*What you have to do*:
Output the line containing "Brise-Lames marina in" and each line after it through the end of the data, exactly as written, with pictures left out.

*Dataset extract*:
◇ ◇ ◇ ◇ ◇

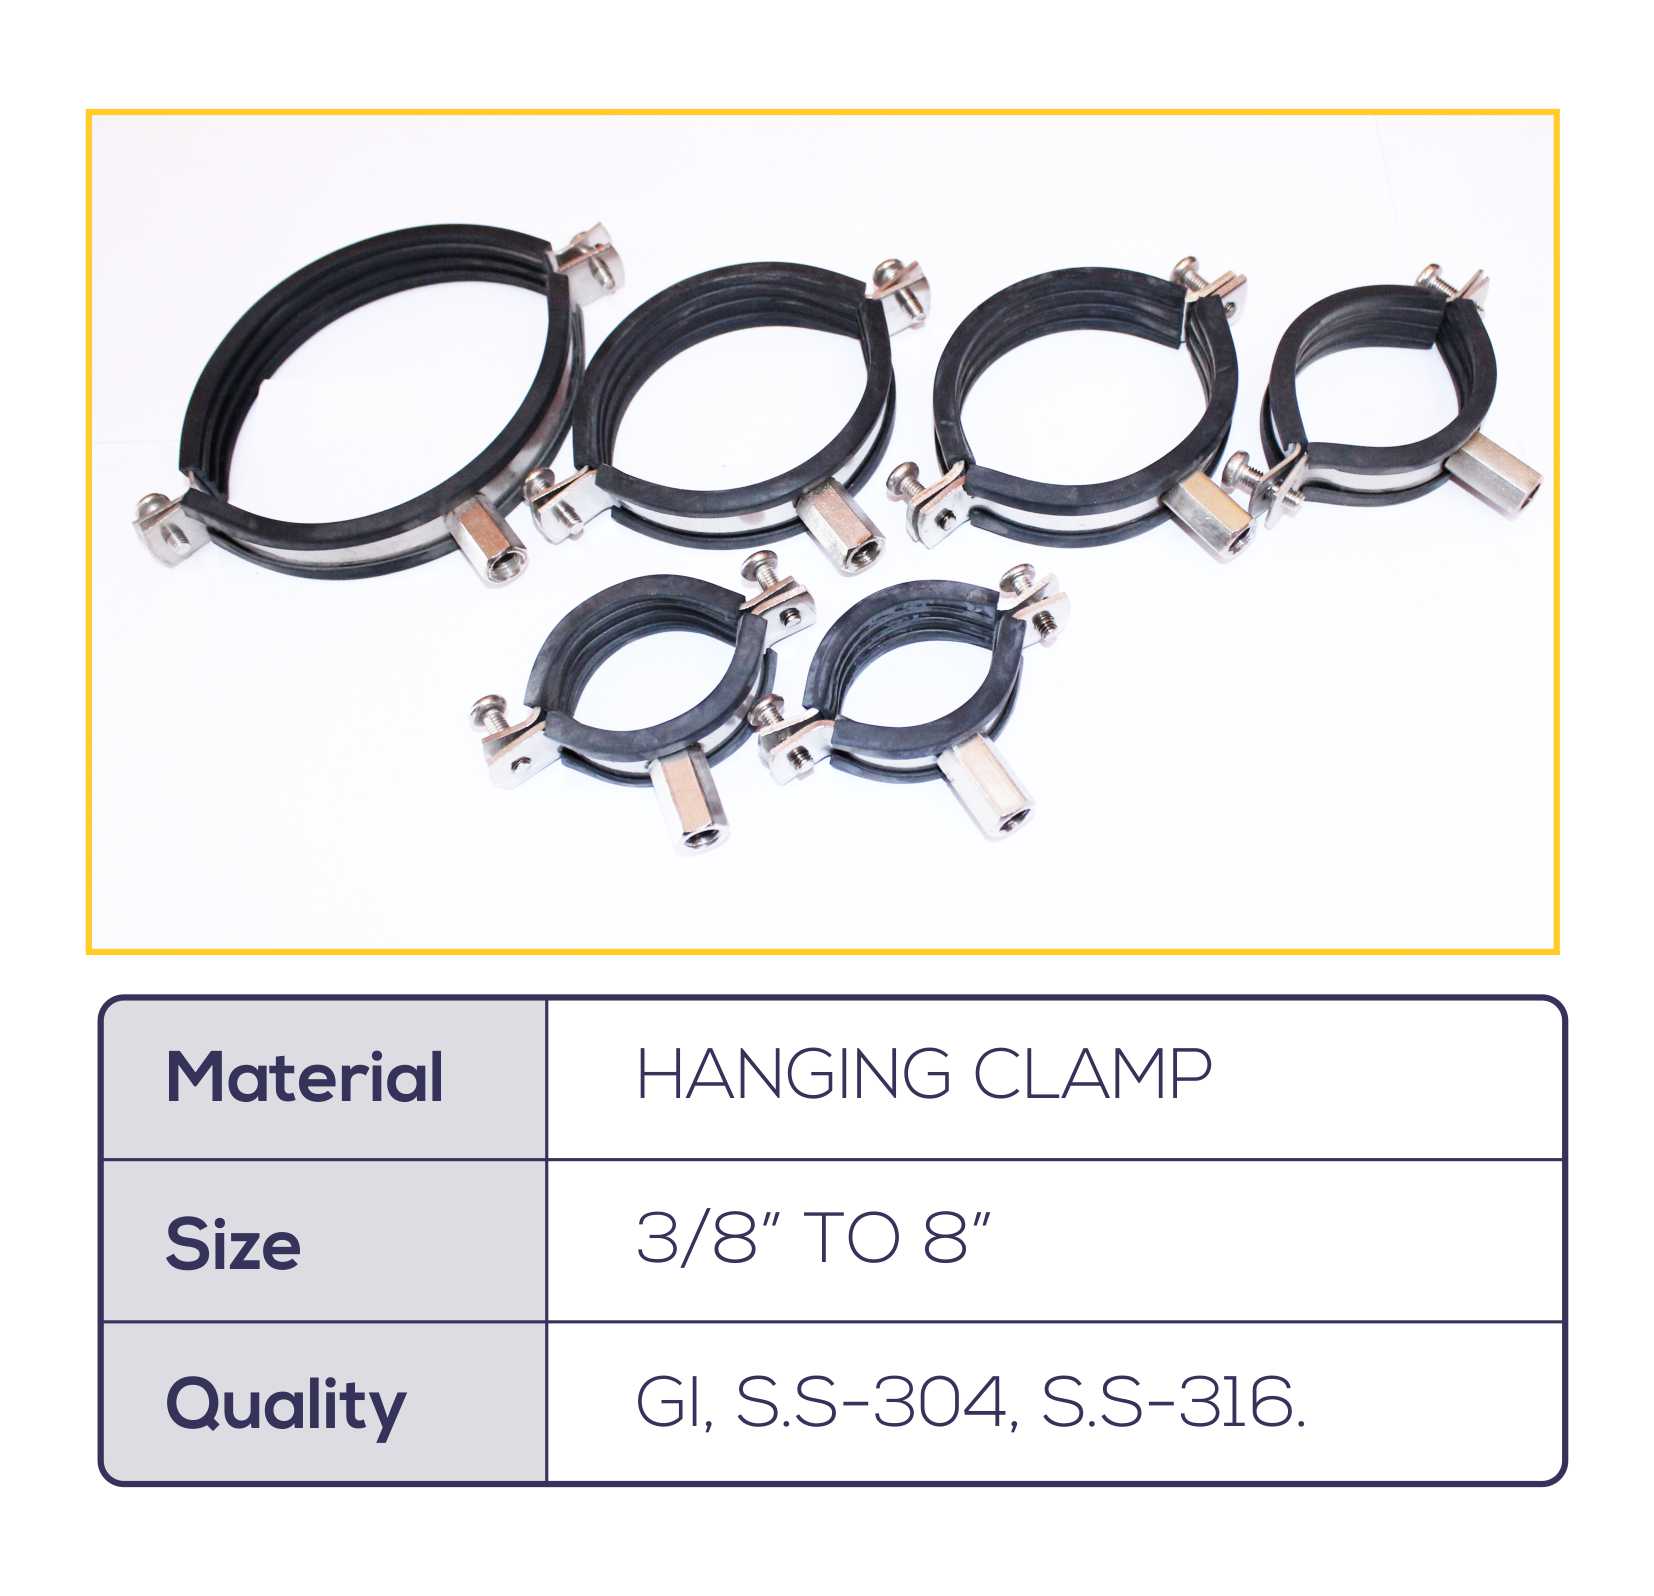 HANGING CLAMP
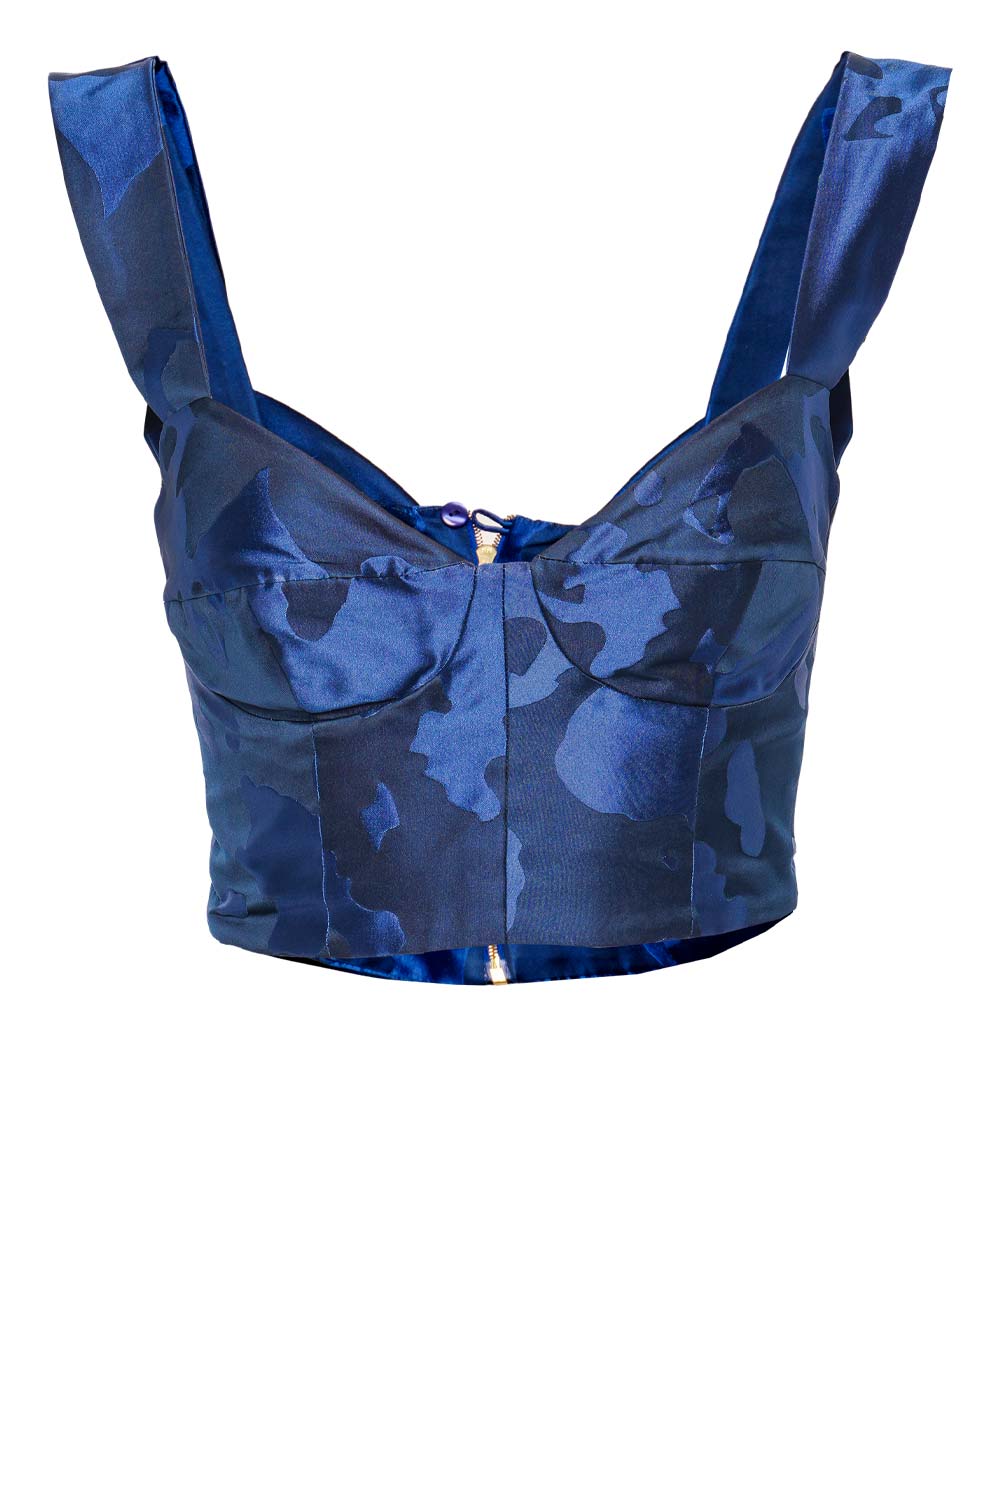 Silvia Tcherassi Nuoro Navy Jacquard Bustier Cropped Top
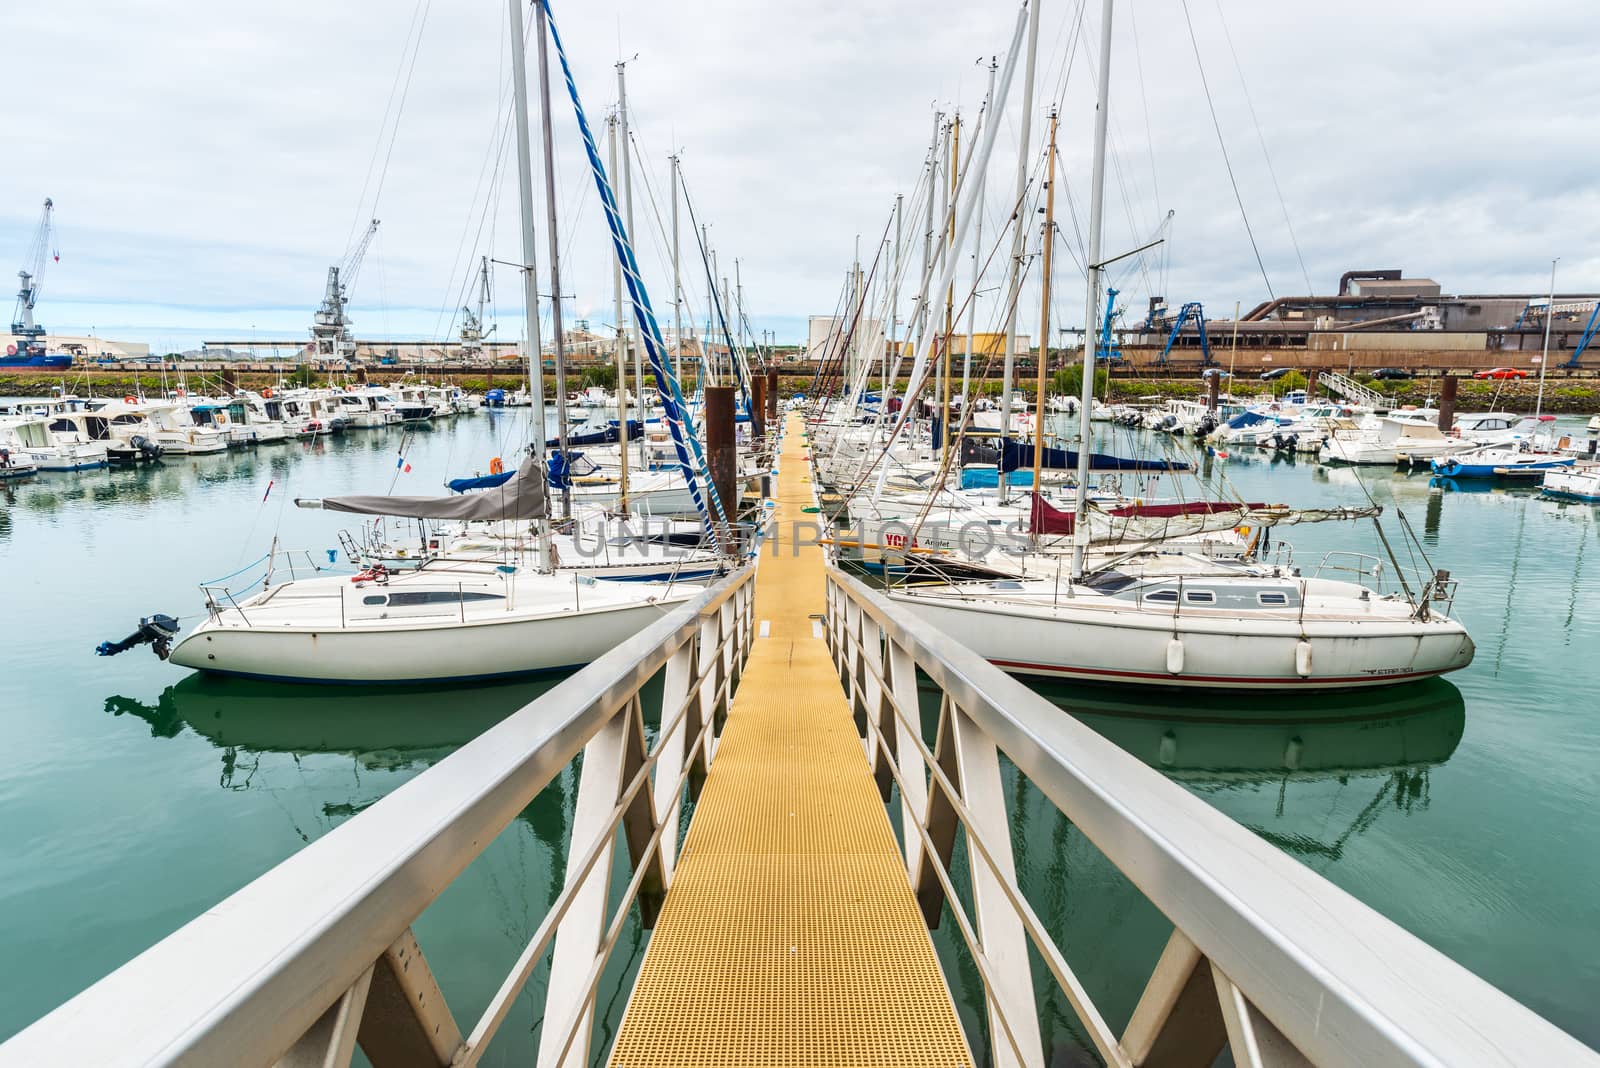 Brise-Lames marina in Anglet, France by dutourdumonde
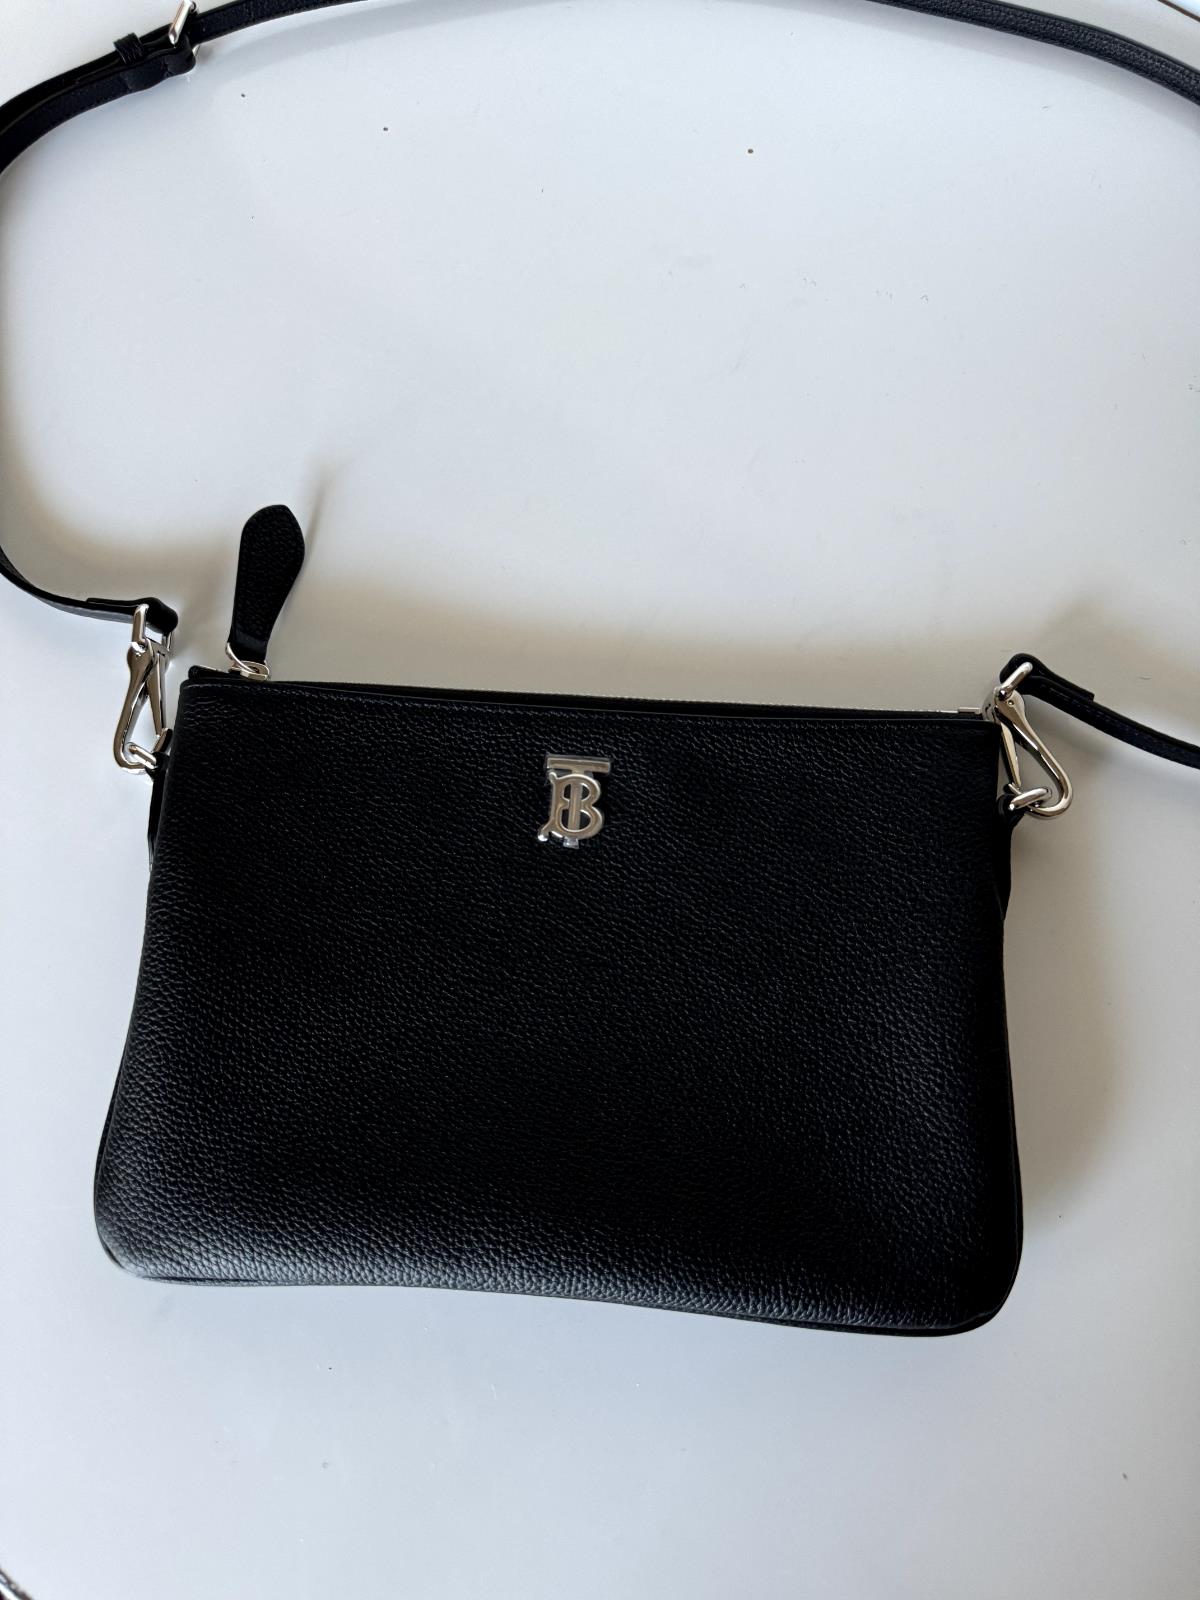 NWT $530 Burberry Peyton Leather Shoulder Bag Black 80751751 Made in Italy

◇ ◇ ◇ ◇ ◇

*Solution to this problem*:
 Brise-Lames marina in Anglet, France by dutourdumonde
 NWT $530 Burberry Peyton Leather Shoulder Bag Black 80751751 Made in Italy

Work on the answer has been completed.